Kitapta işlenen konu, Müslümanlar arasında çok yaygın olduğundan dolayı, bu küfrün tehlikesini Müslümanların çoğu anlamamaktadır.Müslümanlar ilk görevlerini, ilk farzlarını yerine getirmediklerinden dolayı, bu hataya düşmektedirler.Burada Miraç ile alâkalı şöyle diyor:”Miraç gecesinde Rabbine öyle yaklaştı ki, aradan bütün perdeler kalktı ve huzuru ilahiye kabul buyuruldu.”Bakın olduğu gibi okuyorum ki, anlaşılması gereken şeyi siz iyi anlayın ve değerlendirin.Bu kitapta Miraçtan bahsederken diyor ki:”Rabbine öyle yaklaştı ki, aradan bütün perdeler kalktı ve huzuru ilahiye kabul buyuruldu.Zamandan ve mekândan münezzeh olan Cenabı Hakkın sohbeti ile ve Cemali Bakemali ile müşerref oldu.Onu baş gözü ile yalnız ve yalnız Habibi Ekrem sallALLAHu aleyhi ve sellem gördü.Habibini cemal nurundan yarattığı için, o nur, nuru görmeye takat getirebildi.”Bakın bu paragraf içerisinde anlatılan ifadeler dinleyenlerin ve okuyanların beyinlerinde nasıl bir çağrışım yapıyor ?Hep ALLAH-u Teâlâ’nın sıfatlarına yakışmayacak bir şekil çağrışımı yapıyor. Şimdi biraz açalım bu sözleri.Ne diyor bu insan? Diyor ki “Rabbine öyle yaklaştı ki” diyor. Yaklaşan Peygamber efendimiz.”Aradan bütün perdeler kalktı” diyor.”Ve huzuru ilahiye kabul buyuruldu.”Bu perdelerin kalkması ne demek?Yani,ALLAH-u Teâla’yı Peygamber efendimizle karşı karşıya getirmiş oluyor.Nasıl ki bir kralın huzuruna bir insan çıkar, Peygamberimizi de huzuru ilahi kelimesi ile ne yapıyor?O aradan perdelerin kalkmasıyla karşı karşıya gelen iki varlık yerine koymuş oluyor.İşte bu birinci küfür.

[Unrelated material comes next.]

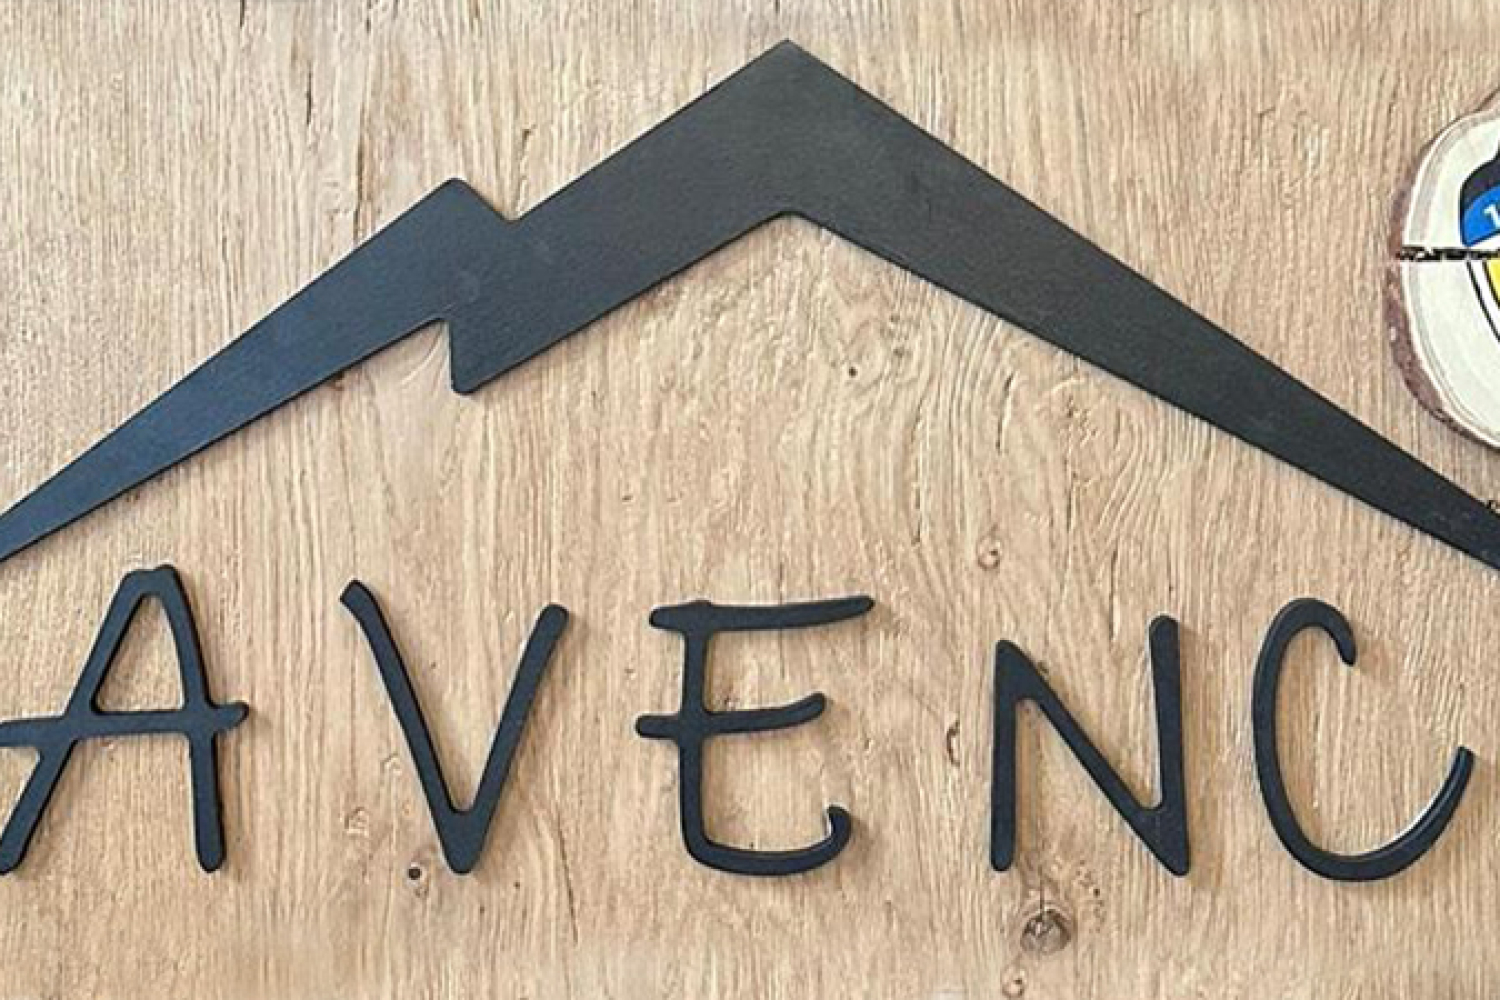 L'Avenc, el bar-restaurant del CETerrassa obre les portes

İkinci sözüyle bu birinci sözü arasında tezat da çıkıyor.Diyor ki ”Zamandan ve mekândan münezzeh olan cenabı hakkın sohbeti”.ALLAH için “zamandan ve mekândan münezzehtir” diyerek, doğru bir söz söylüyor. Peki, yeri olmayan bir varlık Peygamber efendimizi nasıl huzuruna alsın?Bunu yazan kişi aynı zamanda Peygamberi de bir an bile olsa, zamandan ve mekândan münezzeh durumuna sokmuş oluyor. Peygamberi ALLAH’ın sıfatlarından biriyle sıfatlandırmak ise yine küfürdür.